_Task goal_
Once you reach the line with "Скриншот из Телеграм Михаила Радуцкого", copy it and every line after it exactly, up to the end of the data. Omit the pictures.

_Data section_
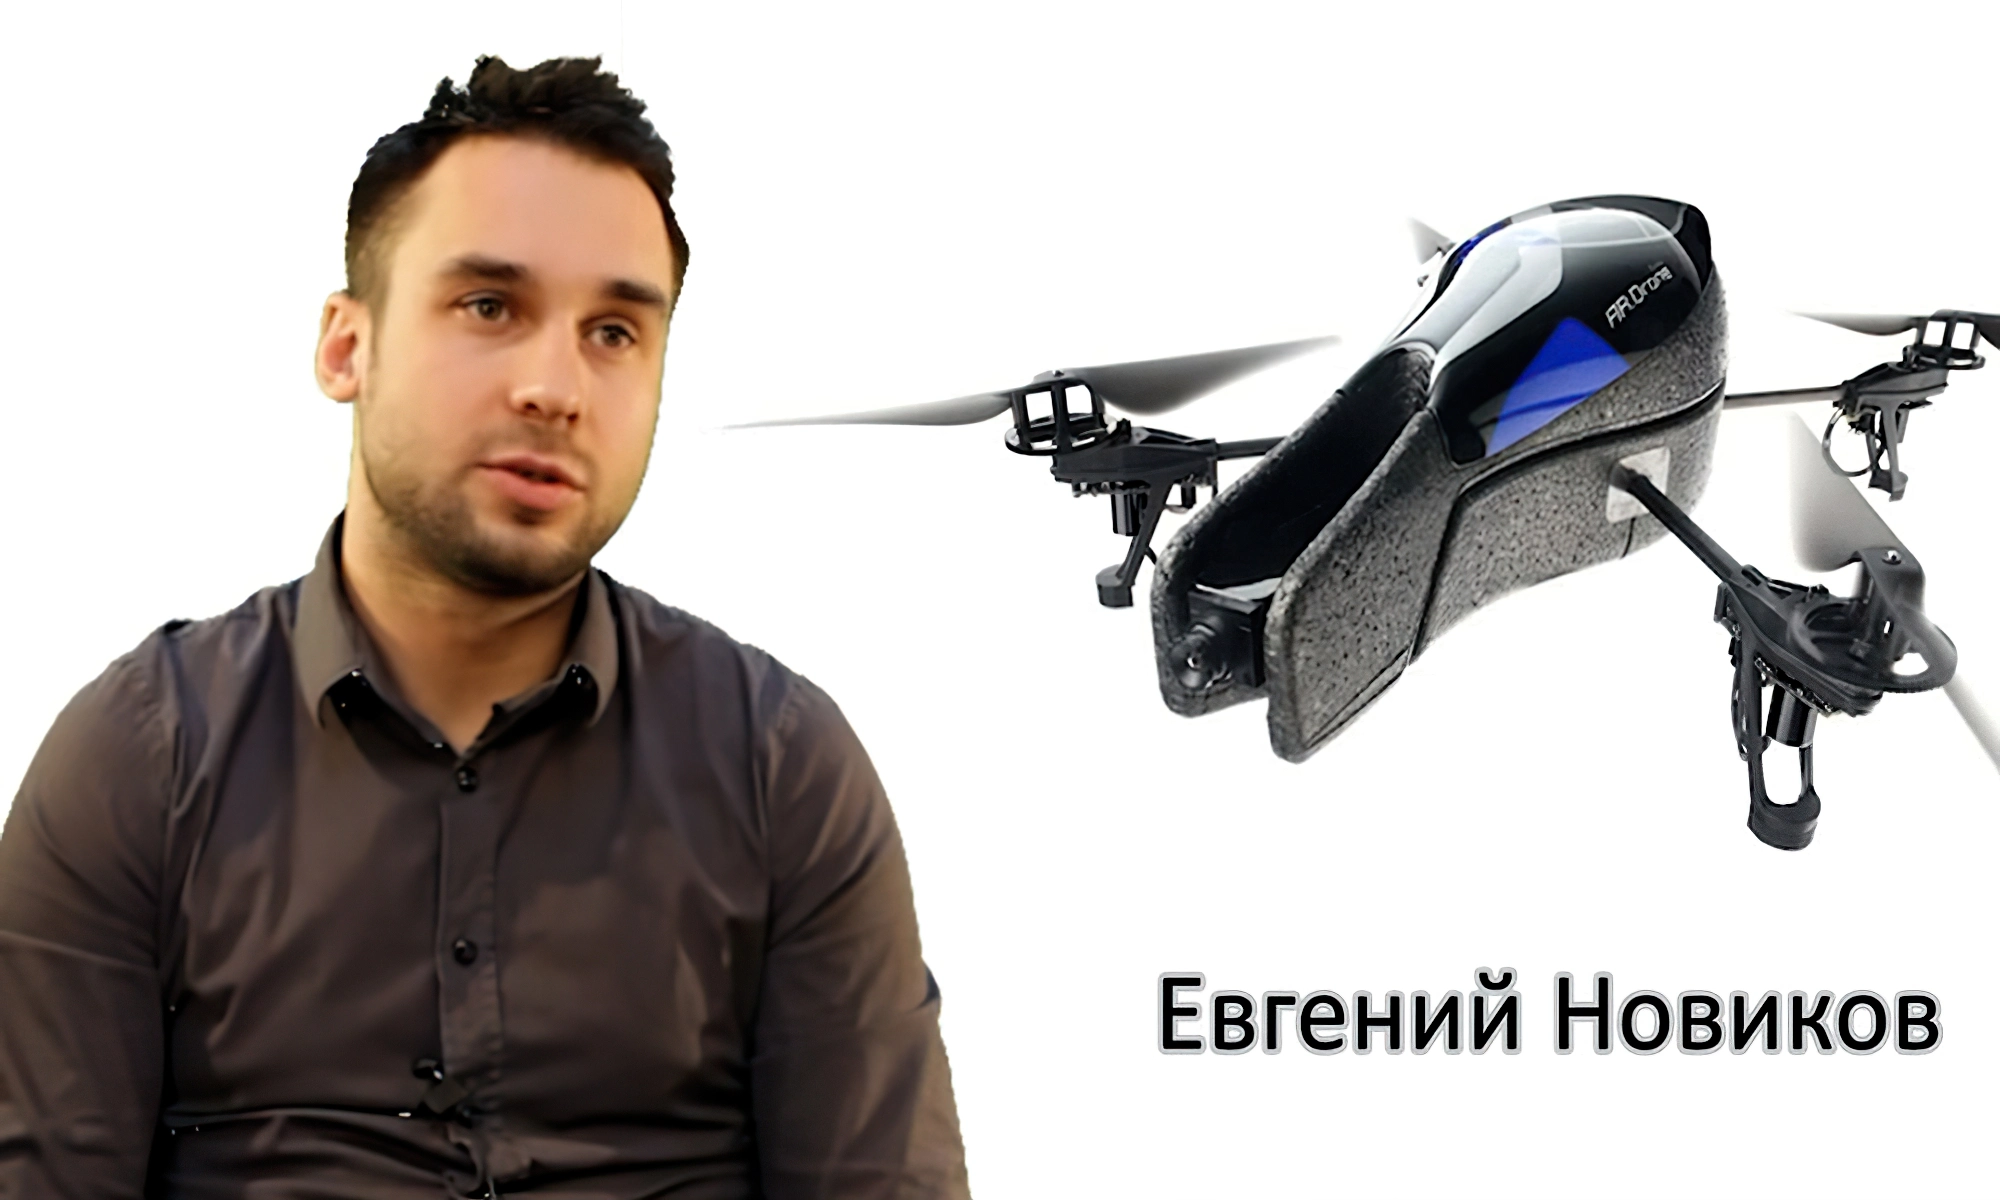 Евгений Новиков - совладелец интернет-магазина игрушечных вертолётов «Mydrone»
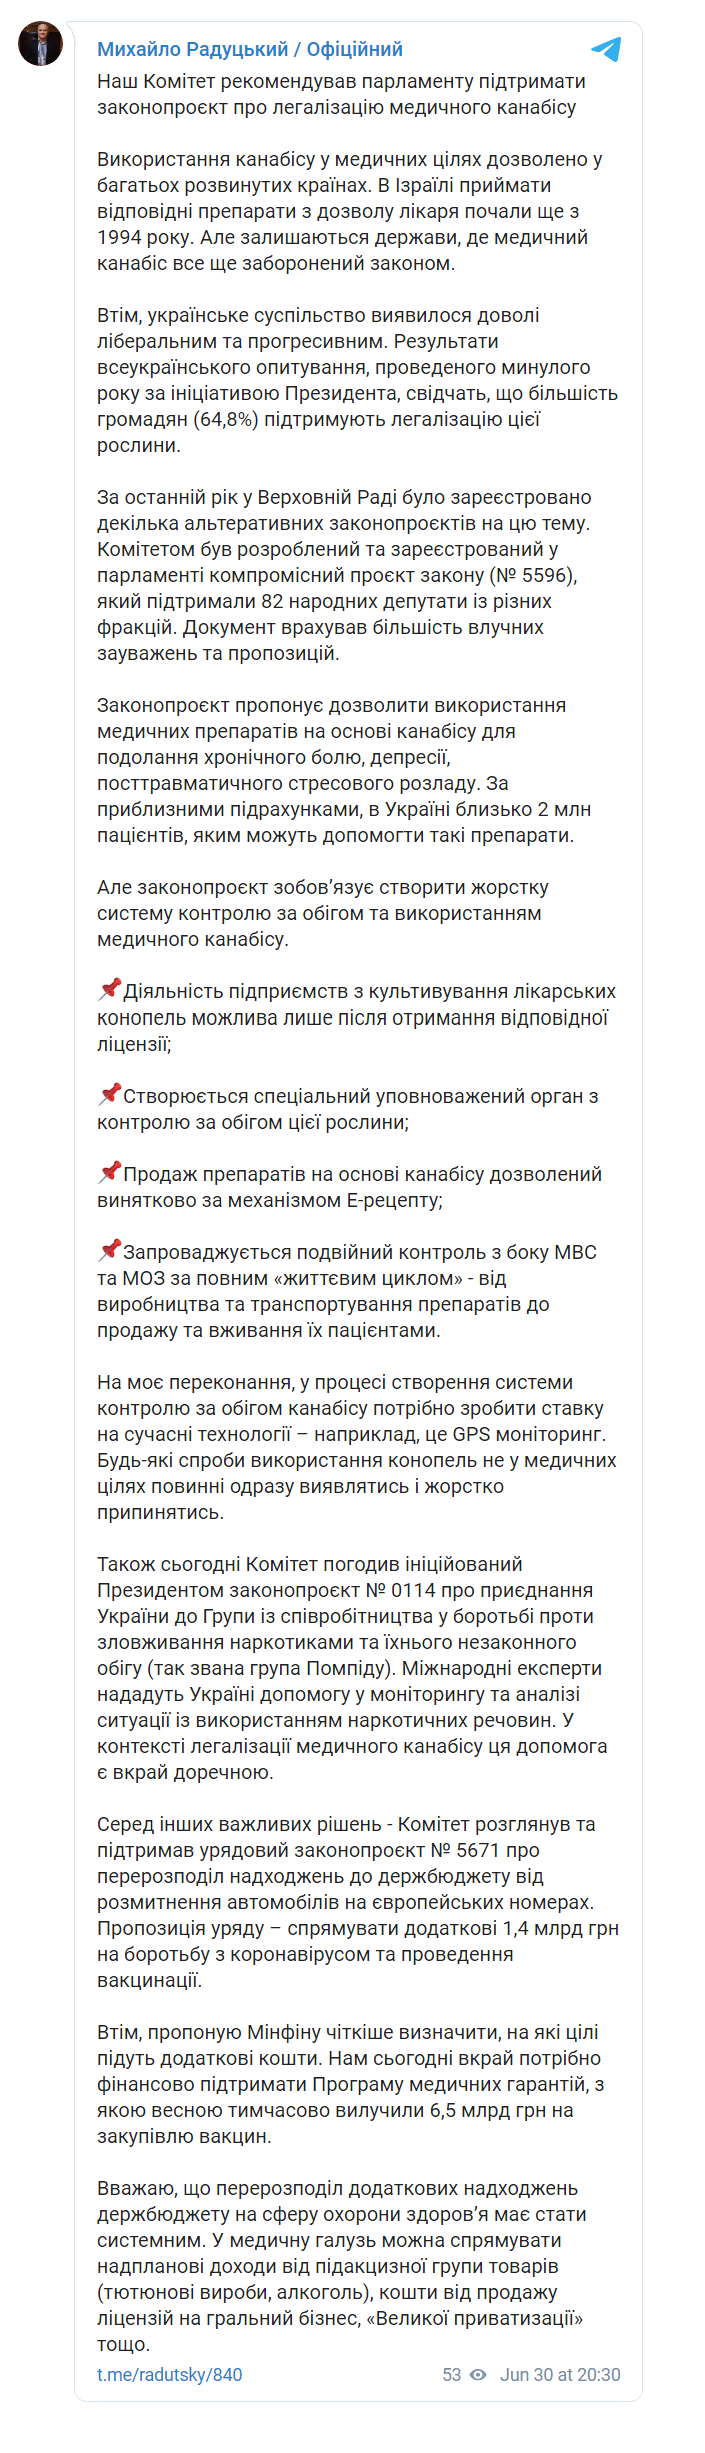 Скриншот из Телеграм Михаила Радуцкого
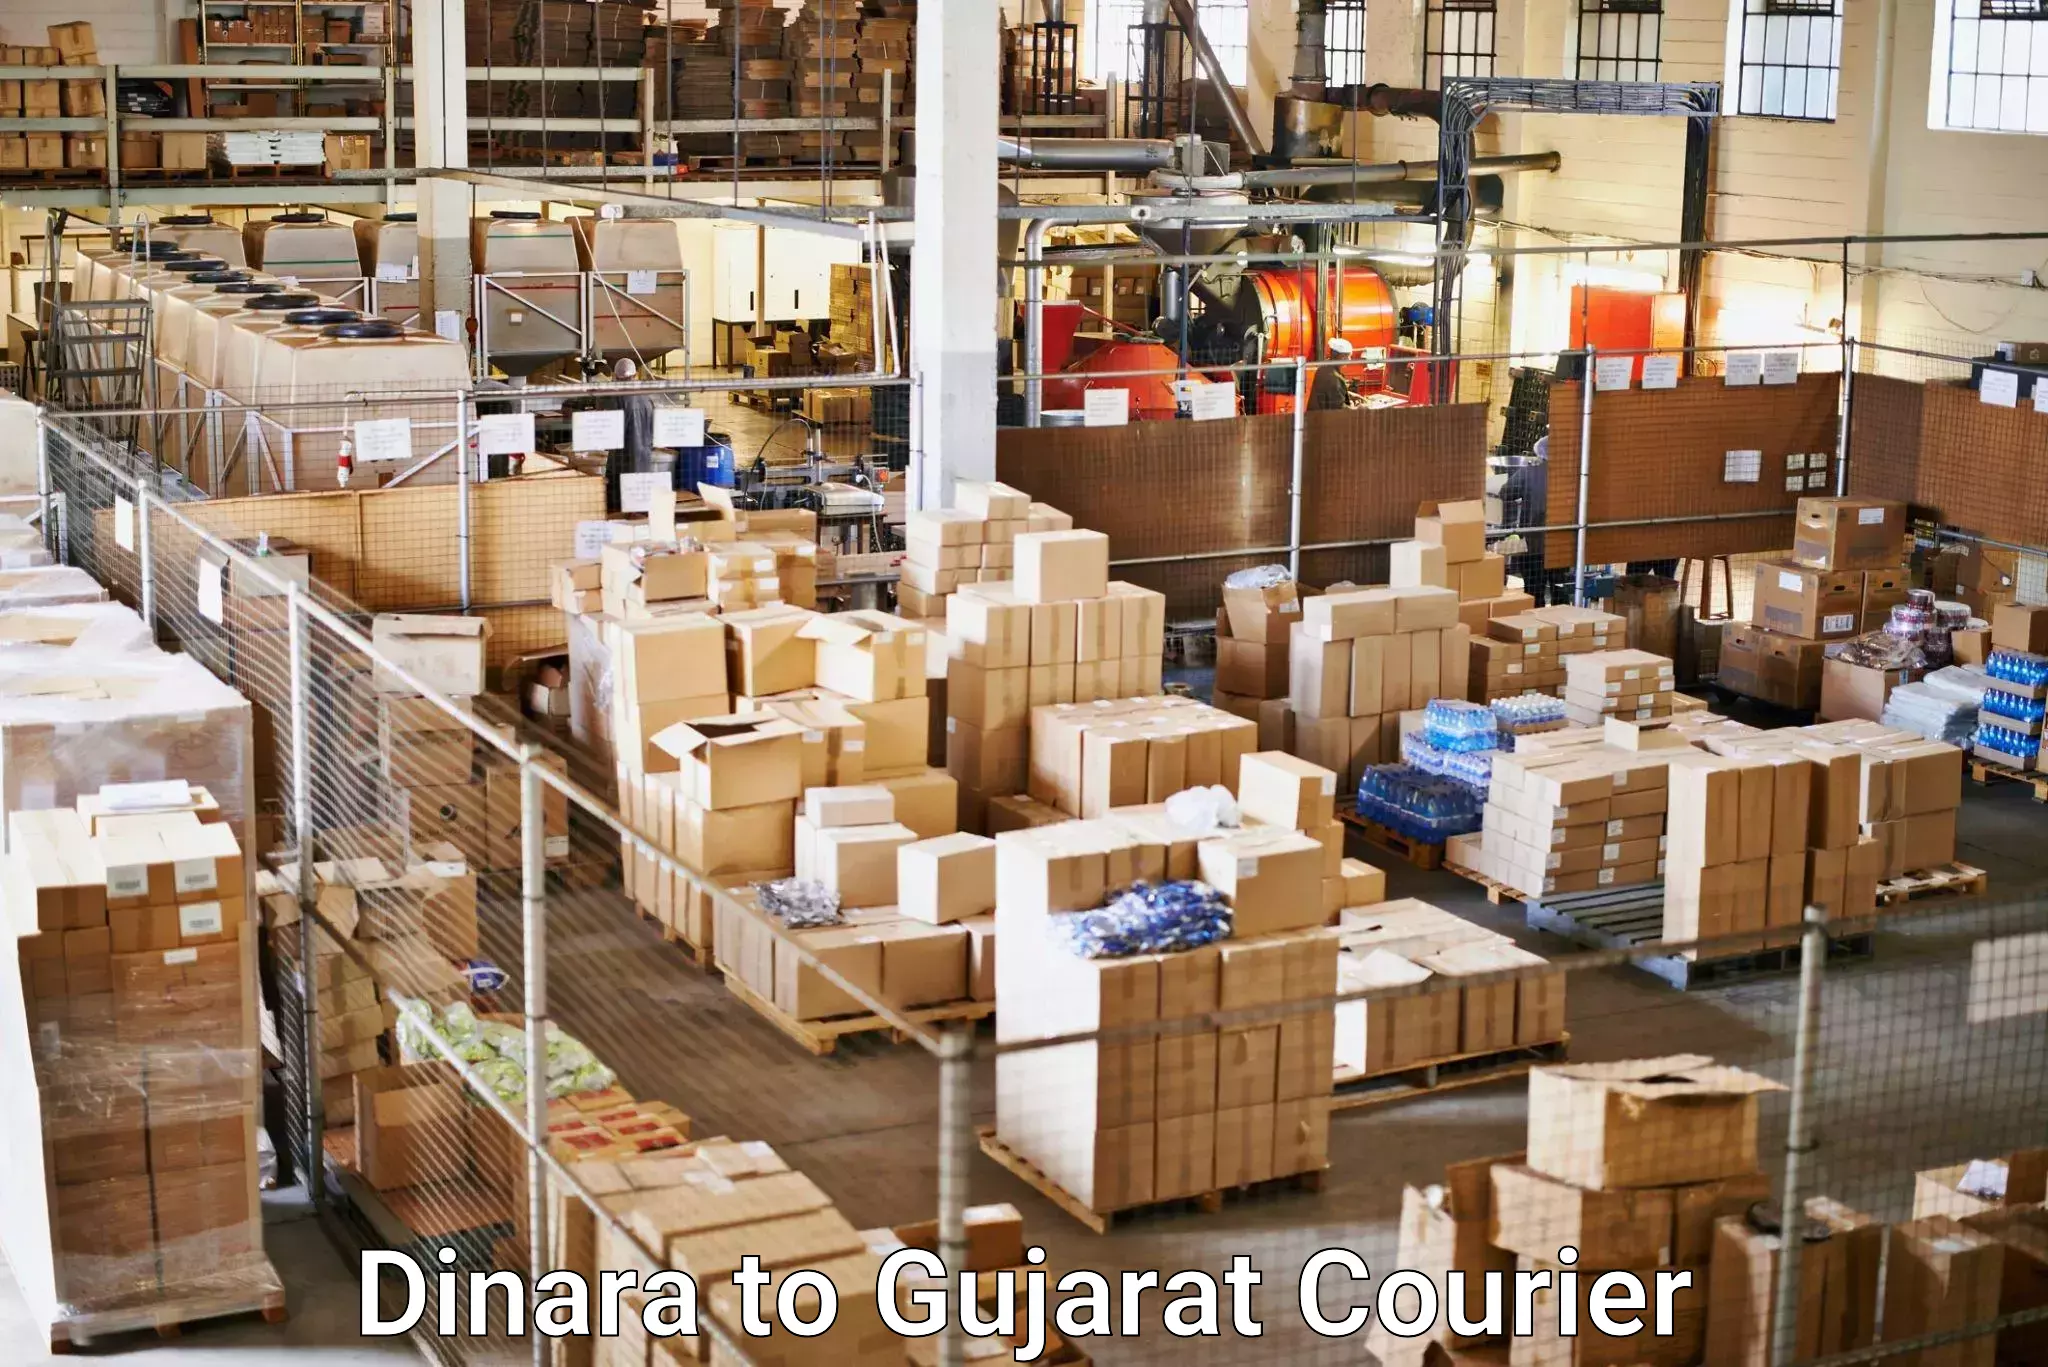 International courier rates Dinara to Gujarat

_Task answer_
 Скриншот из Телеграм Михаила Радуцкого
 International courier rates Dinara to Gujarat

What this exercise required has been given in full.